Sadece iki seçenek var ortada. Ya Trump köşeye sıkıştı iç ve dış politikada. İsrail yanlısı söylemlerle imajını korumaya çalışacak. Becerebilirse İran'ı yeniden masaya çekip İsrail'i dizginleyecek.
Ya da Netanyahu'yu Orta Doğu'da ateşin içine attı, eline yüzüne bulaştırmasını bekliyor. Başarısız olurlarsa eli güçlenecek, böylece Netanyahu’nun iç siyasetteki zaaflarını gerekçe gösterip "Artık gitmesi gerek" diyerek İsrail siyasetine oynayacak.

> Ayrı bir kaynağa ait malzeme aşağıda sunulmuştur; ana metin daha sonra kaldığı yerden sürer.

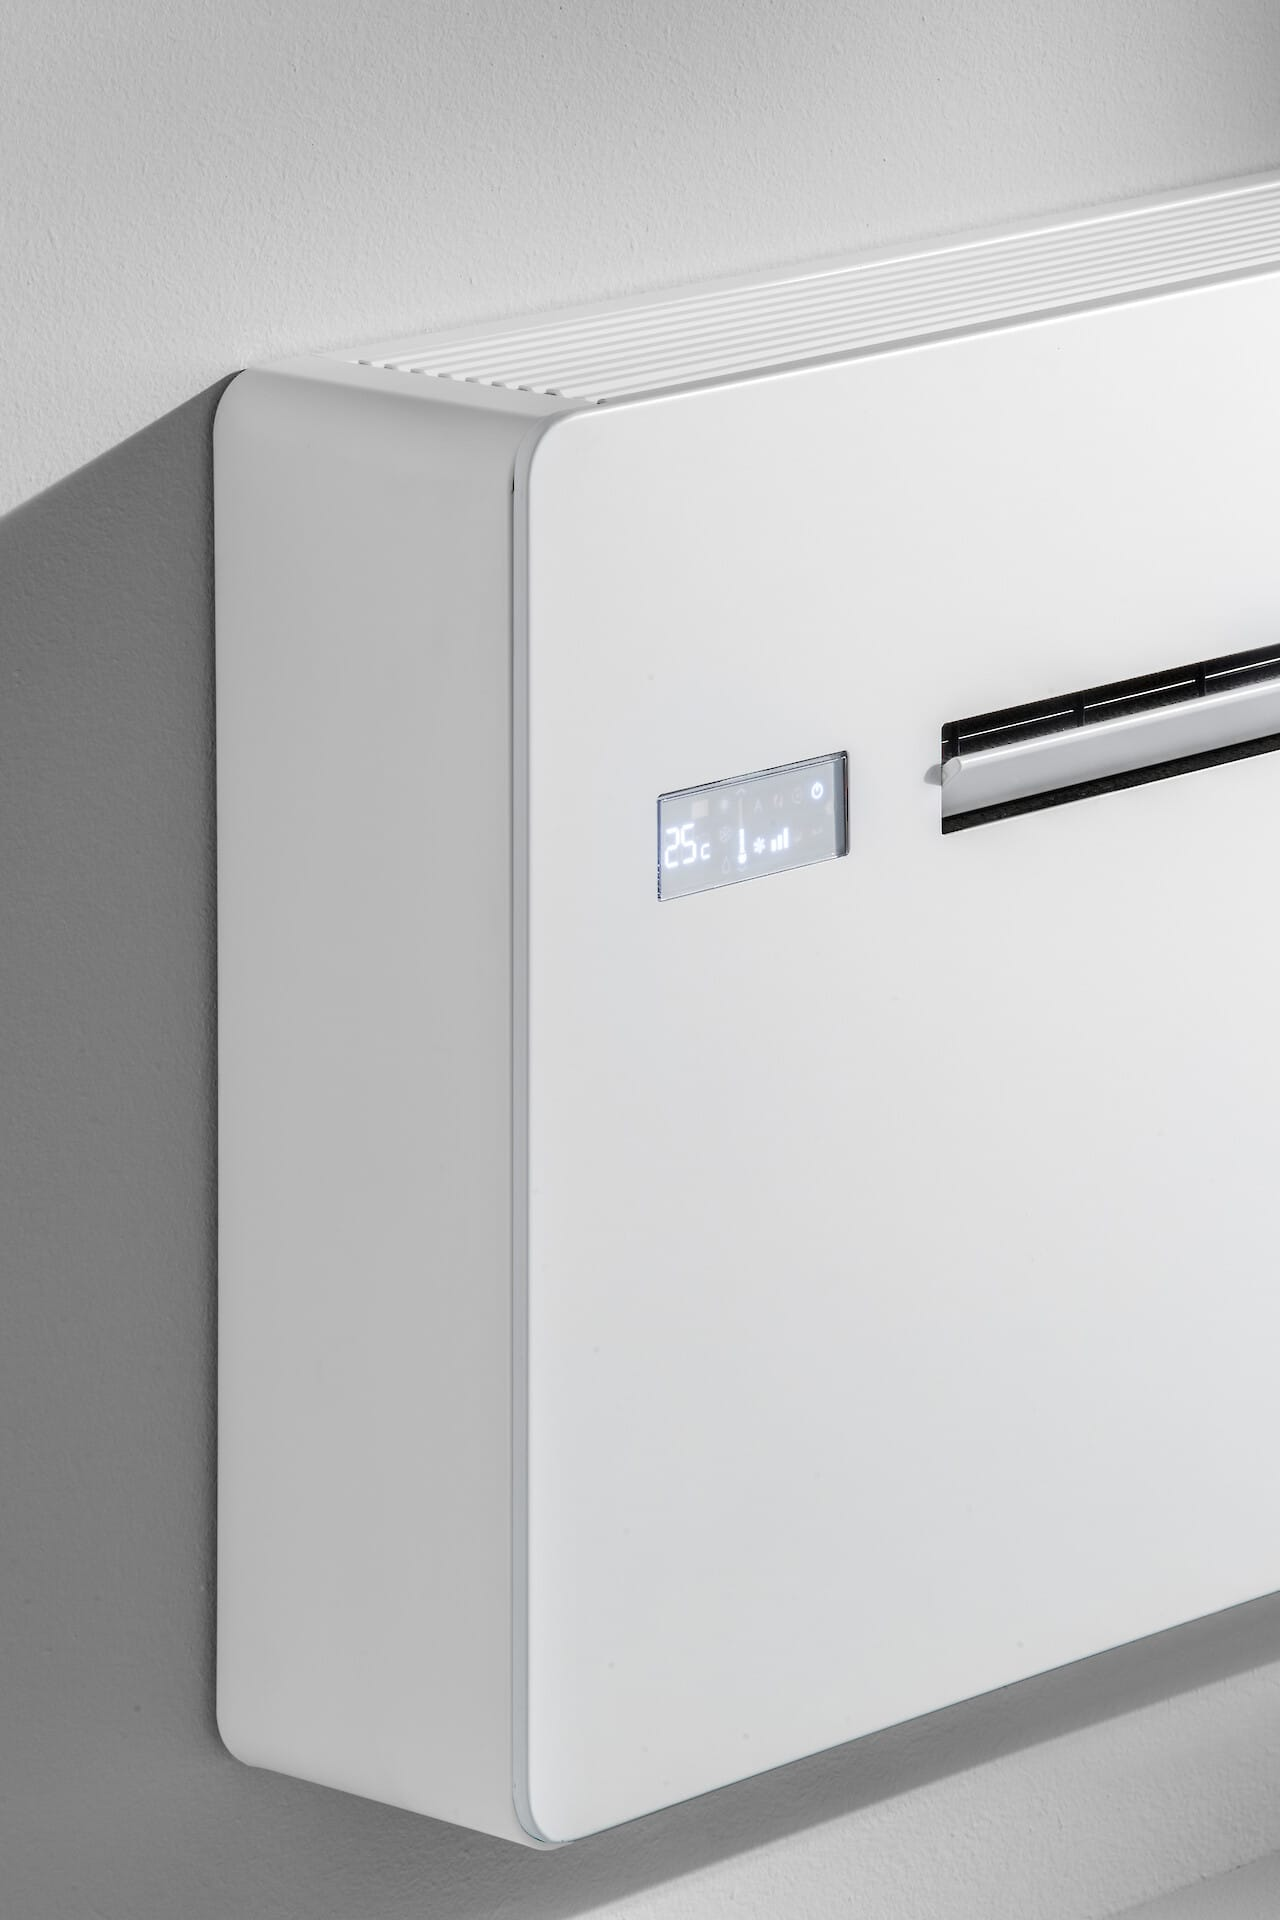 Green House Solutions zonnepanelen batterijopslag laadpalen airconditioning mac84288

RUSYA VE ÇİN BU KRİZDE NEREDE DURUYOR?
Moskova İran'ın arkasında durdu, açık destek verdi, İsrail saldırısını kınadı. Çin bir ton daha düşük şekilde gerginliği hafifletme mesajı verdi. Rusya Ukrayna ile oyalanmaya devam ettiği için İran’a ne kadar mesai ayırır şüpheli. Çin’in, enerji ve ticaret yollarının güvenliği açısından İran’da önemli çıkarları var. İstikrarsız İran, Çin’in doğrudan ekonomisine zarar vereceği için İsrail’in operasyonu oldukça kritik.
İki ülke, beklendiği üzere "İran'ı yalnız bırakmama" stratejisine sadık kaldı. Ancak alınan pozisyonlar askeri destekten ziyade diplomatik zeminle sınırlı. İsrail için ne kadar caydırıcılık taşıyacağı tartışmalı.
TÜRKİYE HADİSENİN İRAN-İSRAİL KAVGASINDAN ÖTE OLDUĞUNUN FARKINDA!
Hem Cumhurbaşkanı Recep Tayyip Erdoğan'dan hem de diğer devlet yetkililerinden gelen mesajlarda diplomatik dil sert ve netti.
Dışişleri Bakanı Hakan Fidan, Cumhurbaşkanı Erdoğan'ın durumu takipte olduğunu, Cuma namazı sonrası Yüksek Düzeyli Güvenlik Toplantısının gerçekleştirildiğini açıkladı. Gazze'deki insanlık dramının gündemde kalmasına gayret edileceğini vurguladı. Çözüm için adres, Şiddet yerine masa gösterildi.
Nitekim Türkiye, bölgesel krizlerde taraf değil çözüm masasının kurucu aktörü olarak öne çıkıyor. Burada da alacağı stratejik pozisyonla güçlenmesini bilecektir.